Hibbertia ambita
- Conservation status: Priority One — Poorly Known Taxa (DEC)

Scientific classification
- Kingdom: Plantae
- Clade: Tracheophytes
- Clade: Angiosperms
- Clade: Eudicots
- Order: Dilleniales
- Family: Dilleniaceae
- Genus: Hibbertia
- Species: H. ambita
- Binomial name: Hibbertia ambita K.R.Thiele

= Hibbertia ambita =

- Genus: Hibbertia
- Species: ambita
- Authority: K.R.Thiele
- Conservation status: P1

Species of flowering plant

Hibbertia ambita is a species of flowering plant in the family Dilleniaceae and is endemic to a restricted area of Western Australia.
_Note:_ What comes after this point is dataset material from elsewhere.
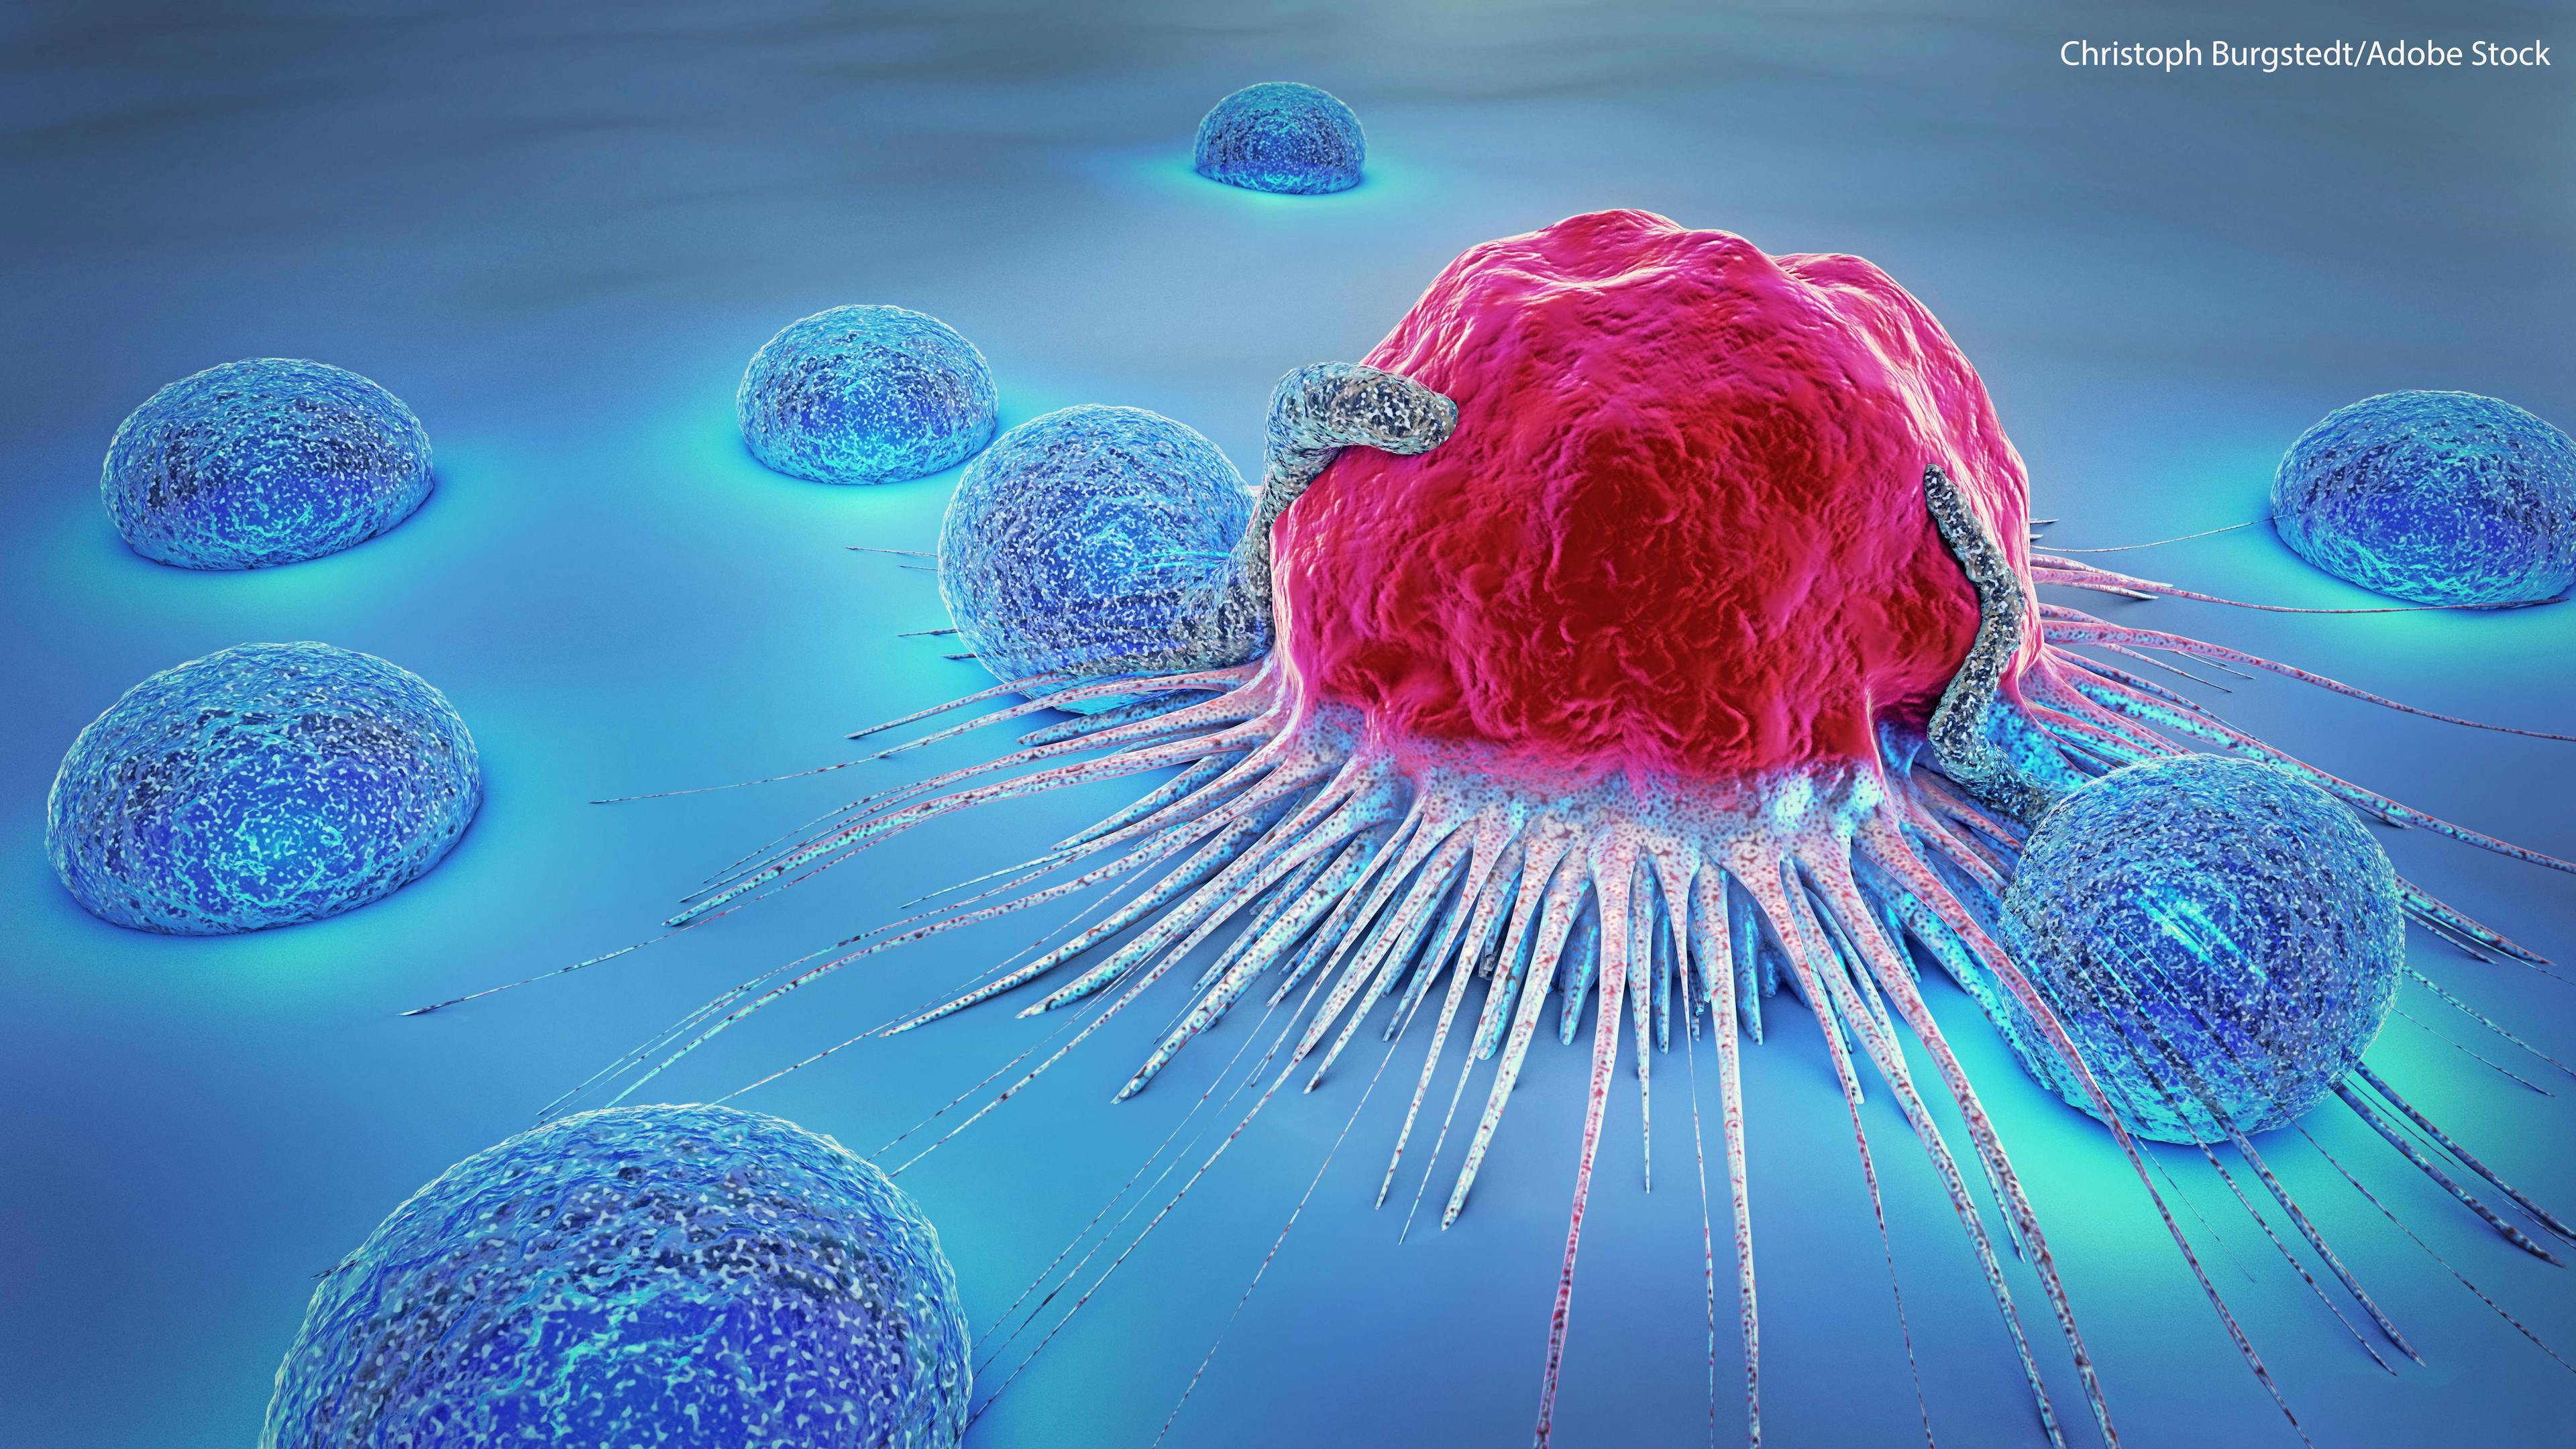 Previous data on the anti-cancer activity of BLU-222 in ovarian cancer models were presented at the 2022 American Association for Cancer Research Annual Meeting (AACR).

It was first formally described in 2019 by Kevin Thiele in Australian Systematic Botany from specimens he collected near Boddington in 2015. The specific epithet (ambita) means "encircling" or "surrounding", referring to the arrangement of the stamens around the carpels. This hibbertia is only known from the Jarrah Forest biogeographic region in the south-west of Western Australia.

Hibbertia ambita is classified as "Priority One" by the Government of Western Australia Department of Parks and Wildlife, meaning that it is known from only one or a few locations which are potentially at risk.